Back at Farings, Bridget was also considering the insubstantial. She had found, and opened, a second bottle of sherry which she was downing, with bread and cheese, by the fire. The dream she had had in the bed with Frances was also filtering back: in this case there had been no vigorous coupling; rather, a walk—down a lane where purple flowers were growing—near Farings, she felt it was…?

Bridget was not the sort to analyse her dreams but she wondered if this one had some message for her. Perhaps it meant she should settle here? Give up the shop and the house next door to Mickey and up sticks altogether now she was, more or less, alone.

If she was alone. There was Frances, and Mickey, too, of course—and then there was the boy.

Bridget had never wanted children so she was relieved rather than disappointed when it became clear that Peter was a far from paternal man. His children—a boy and girl—by his former wife seemed to embarrass him. They came to stay at weekends during which everyone behaved with unnatural stiffness and Bridget was thankful when the time came for them to be returned to their mother’s house in Barnes: she could hardly bear the sight of Peter trying so hard—with so little aptitude—to be jolly.

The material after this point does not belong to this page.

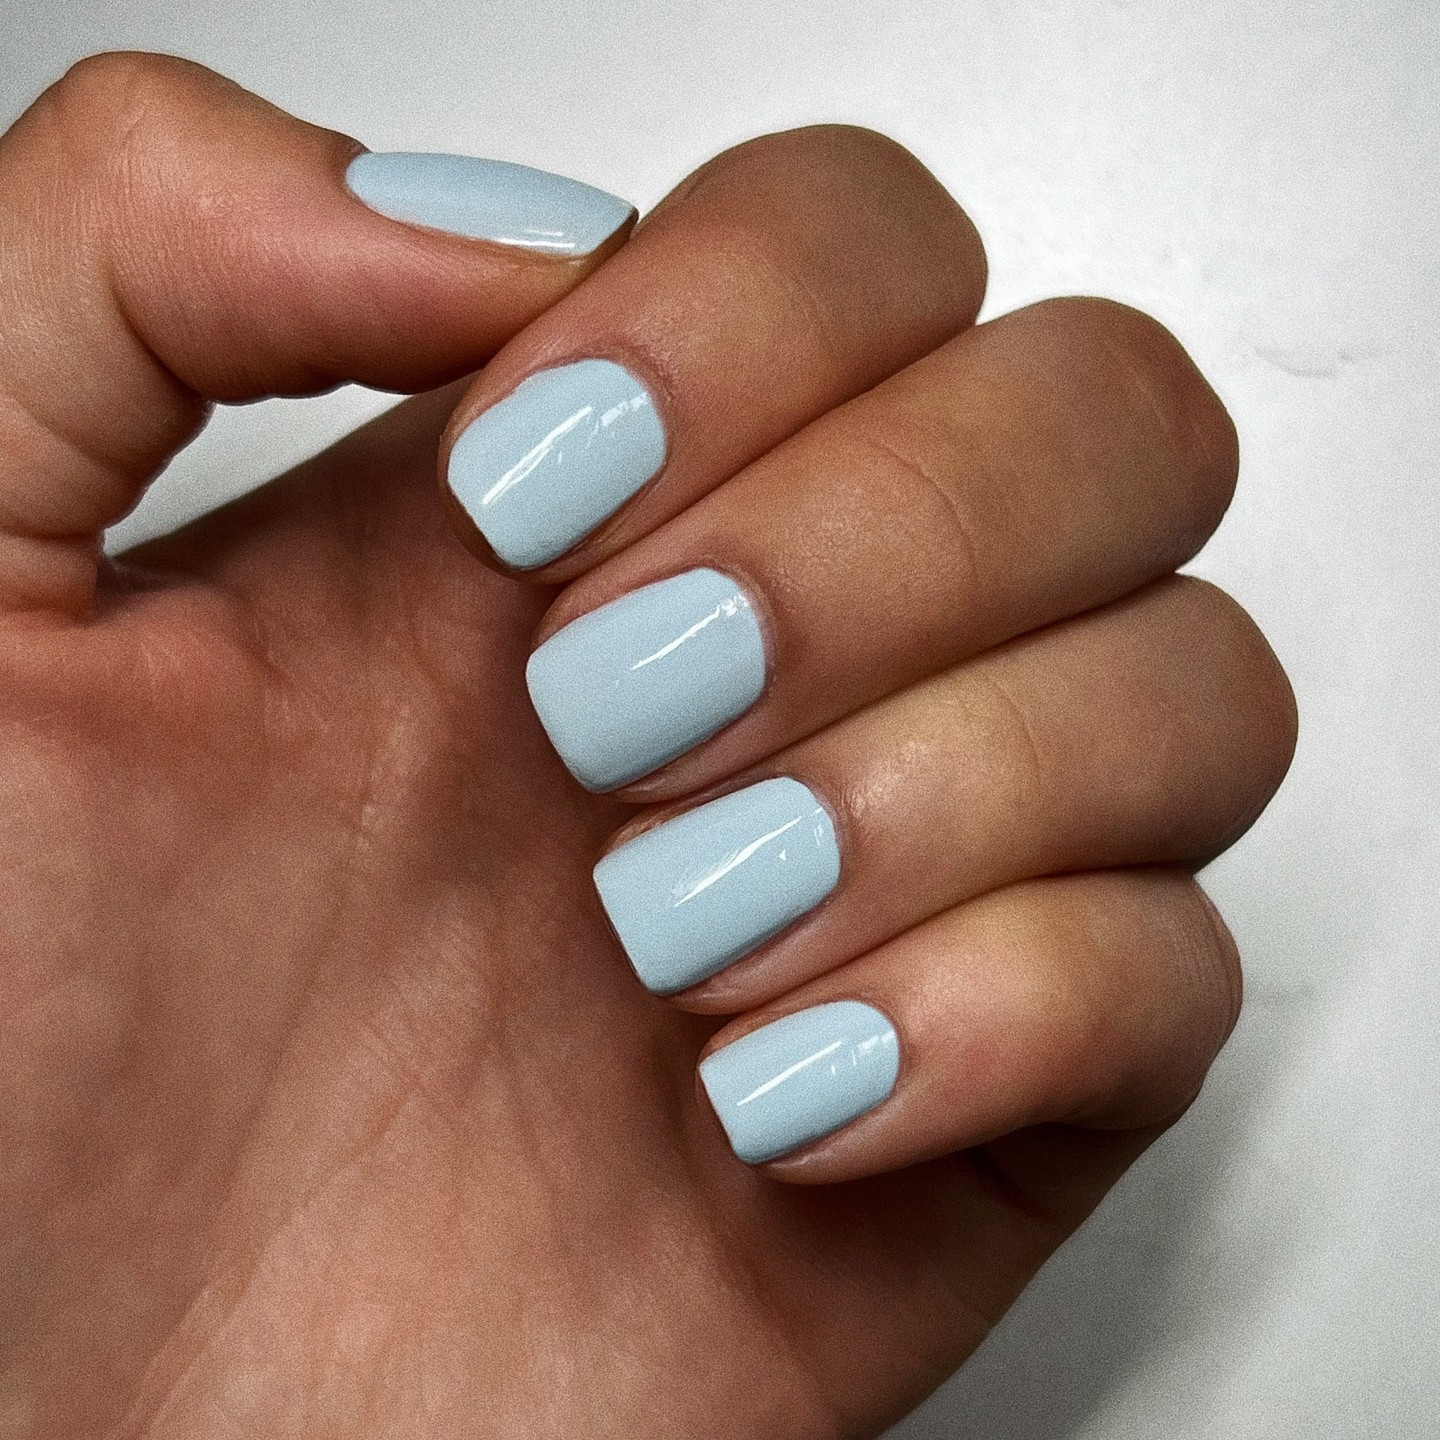 Light blue nail polish suits well with any nail shape and length. So, even if you prefer to have short nails, light blue nail polish will look amazing on you.

Peter’s first wife had remarried—a solicitor in a City firm—and she was now buffered by demonstrable prosperity. Nevertheless, she continued to receive Peter—still more Bridget, should Bridget happen to be the one to chauffeur the children home—in the manner of a mendicant, whose impoverishment should be laid at the door of her former husband. Hopeless to try and suggest—as Bridget did—that his children’s mother’s attitude was injurious, not only to relations with their father but also to the children themselves. As Bridget came to see, Peter did not greatly care what his children felt or thought about him. She suspected they irked him; and that he was glad when the regular visits tailed off and he was released from the pressures of family obligation.

The children, now adults, had appeared at the funeral and the girl had cried, mildly obedient to some atavistic sense of her loss—while the young man, a stockbroker in the City, in his new dark suit had hung his head sheepishly. Bridget had felt sorry for them: they had no language with which to mourn their father.

Their mother, Peter’s former wife, had sent a massy wreath of ostentatious whiteness, and a card with sentiments on it which had left Bridget particularly cold.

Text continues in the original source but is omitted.